ENV["CUDA_VISIBLE_DEVICES"] = "0" # It is to use the gpu
using TensorFlow
using Distributions

sess = Session(Graph())

batch_size = 30  
num_pixels = 64

###########

# Data base: 1000 arrays, the first array is fill with 1, the second with 2 etc...

arrays_data = zeros(Float32,1000,num_pixels,num_pixels)

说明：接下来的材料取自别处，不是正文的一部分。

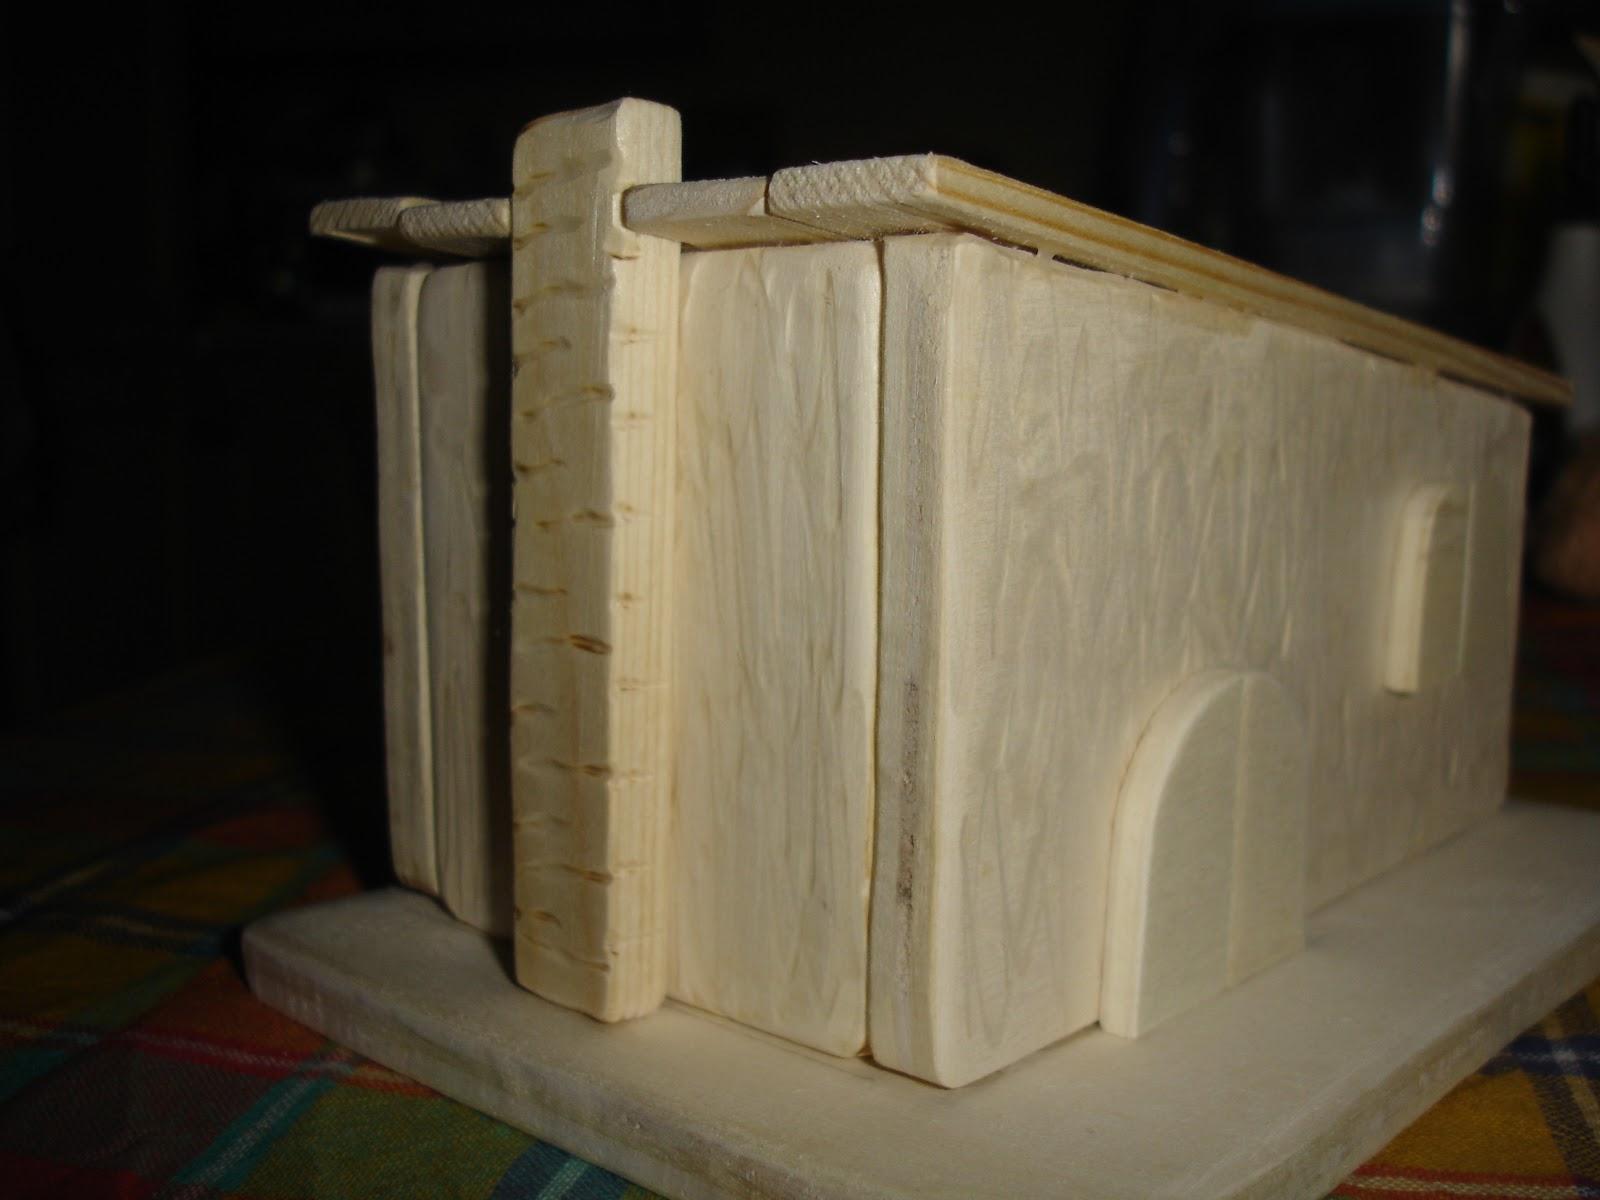 Luca ely creazioni casetta di legno da colorare for Planimetrie semplici della casetta di legno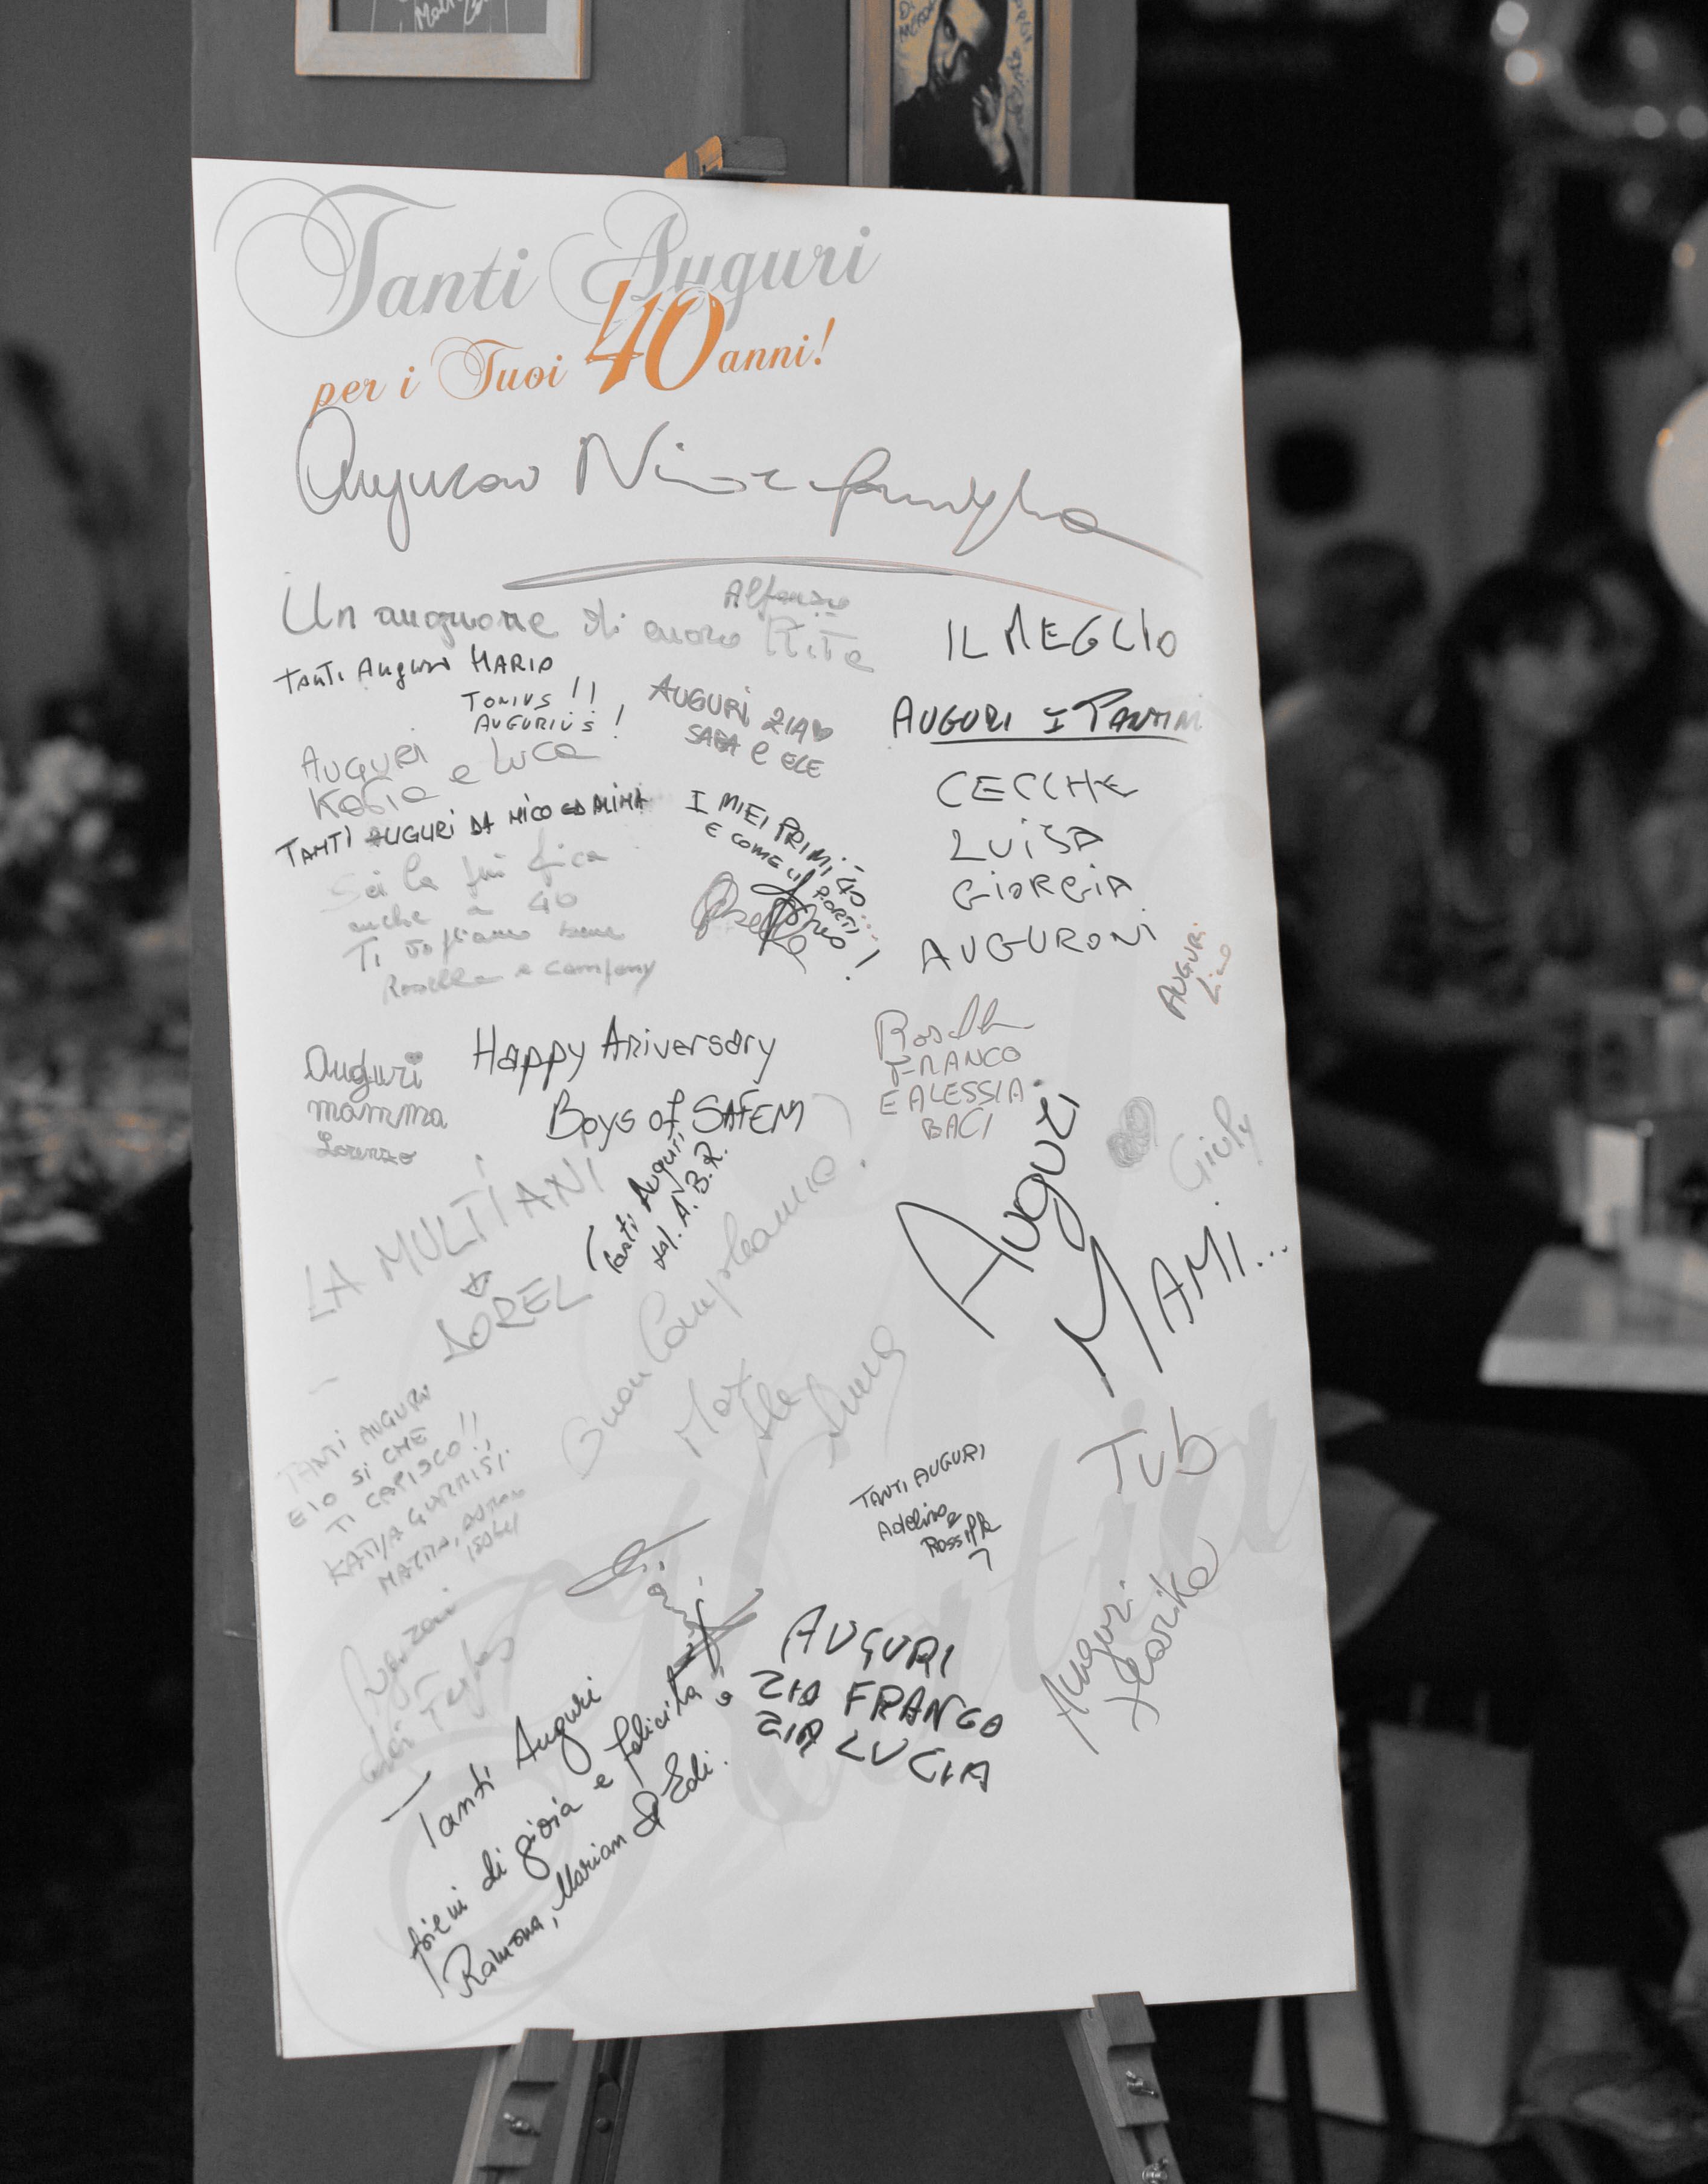 Sorprese Per Un Compleanno organizzazione festa e party a torino, idee originali per

arrays_labels = zeros(Float32,1000)

for k in 1:num_pixels, j in 1:num_pixels, i in 1:1000
        arrays_data[i,j,k] = i
end

for i in 1:1000
    arrays_labels[i] = i
end

###########

# inputs

x = placeholder(Float32, shape= [batch_size, 1, 1, 1])

y = placeholder(Float32)

###########

 # Function to create a batch

function create_batch(batch_size)
    x = zeros(Float32, batch_size,num_pixels, num_pixels)
    y = zeros(Float32, batch_size)

index = shuffle(1:1000) # To choose a random batch

    for i in 1:batch_size
        x[i, : ,:] = arrays_data[index[i],:,:]

        y[i] = arrays_labels[index[i]]
    end
    y, x
end


###########


# Summary to use TensorBoard

 summary = TensorFlow.summary

# Create the different layers ; poids = weight

variable_scope("mymodel" * randstring(), initializer=Normal(0, .001)) do
    global poids_1 = get_variable("p1", [2,2,2,1], Float32)
    global poids_2 = get_variable("p2",[4,4,3,2],Float32)
    global poids_3 = get_variable("p3",[2,2,4,3],Float32)
    global poids_4 = get_variable("p4",[1,4,4,4],Float32)
    global poids_5 = get_variable("p5",[1,4,4,4],Float32)
    global poids_6 = get_variable("p6",[1,4,4,4],Float32)
    global biases_1 = get_variable("b1",[2],Float32)
    global biases_2 = get_variable("b2",[3],Float32)
    global biases_3 = get_variable("b3",[4],Float32)
    global biases_4 = get_variable("b4",[4],Float32)
    global biases_5 = get_variable("b5",[4],Float32)
    global biases_6 = get_variable("b6",[4],Float32)
end

logits_1 = nn.relu(nn.conv2d_transpose(x, poids_1, [batch_size,2,2,2], [1,2,2,1],padding = "SAME") + biases_1)

logits_2 = nn.relu(nn.conv2d_transpose(logits_1,poids_2, [batch_size,4,4,3], [1,2,2,1],padding = "SAME") + biases_2)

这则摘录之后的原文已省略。